Bubble Sort Outer Loop and N-1

Question

I've read multiple posts on Bubble Sort, but still have difficulty verbalizing why my code works, particularly with respect to the outer loop.

for (int i = 0; i < (n - 1); i++)
{
    for (int j = 0; j < (n - i - 1); j++)
    {
        if (array[j] > array[j + 1])
        {
            int temp = array[j];
            array[j] = array[j + 1];
            array[j + 1] = temp;
         }
     }
 }

For any array of length n, at most n-1 pairwise comparisons are possible. That said, if we stop at i < n-1, we never see the final element. If, in the worst case, the array's elements (I'm thinking ints here) are in reverse order, we cannot assume that it is in its proper place. So, if we never examine the final array element in the outer loop, how can this possibly work?

Answer 1

Array indexing is done as 0 to n-1. If there are 10 elements in array, indexing will be n-1. So in first, iteration of inner loop (n-1) comparison will take place. First pass of bubble sort will bubble up the largest number to its position.

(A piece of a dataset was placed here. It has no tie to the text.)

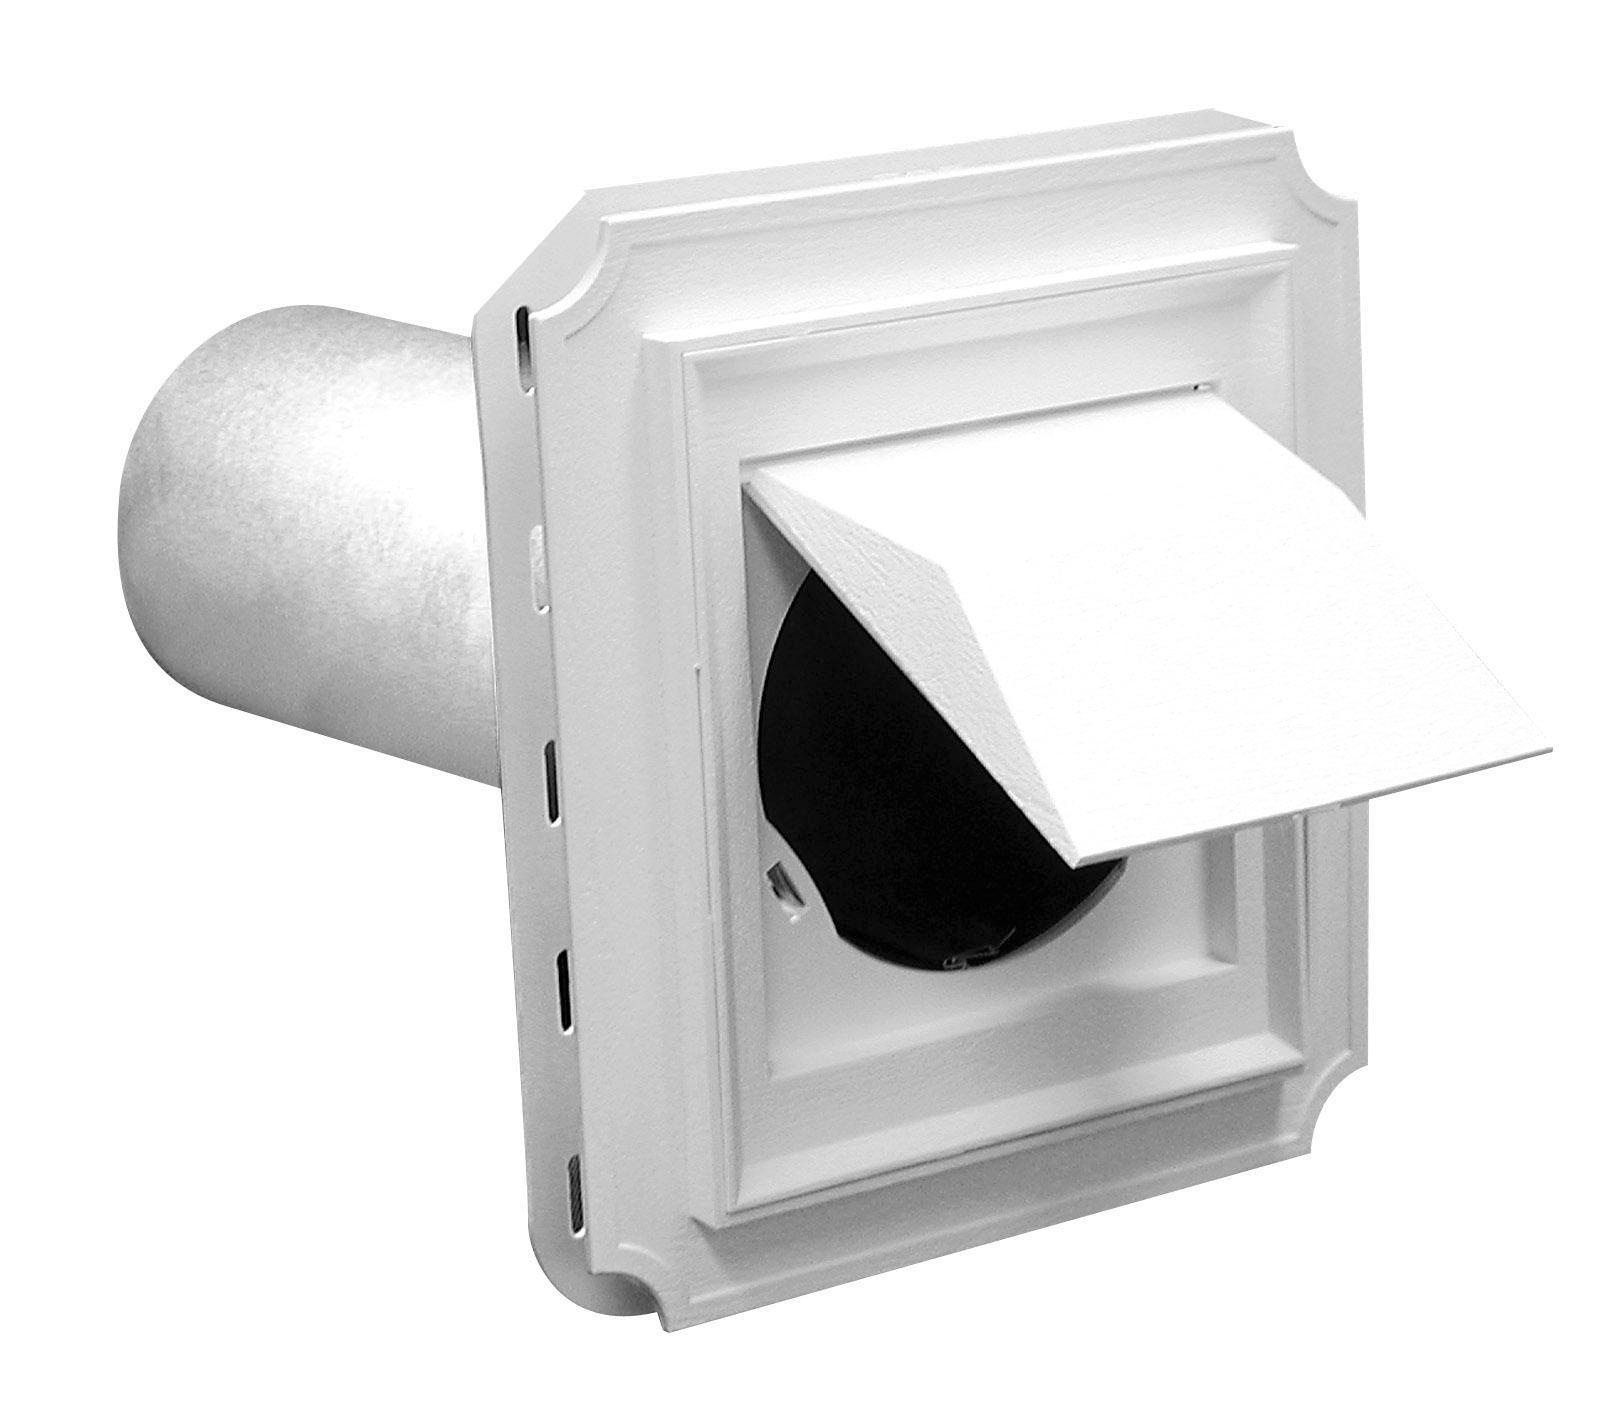 6-Inch Duraflo 646010-00 Wall Vent White

In the next iteration (n-1-1) iteration will take place and it will bubble up the second largest value to its place and so on until the whole array is sorted.

Answer 2

In this line you are accessing 1 element ahead of current position of j

 array[j + 1];

In first iteration of the loop you run j from 0 to j<(n-0-1), so last index of array which you can get is j less than n, as you accessing array[j+1]. So if you declare you array as array[n], this will get the last element for your array.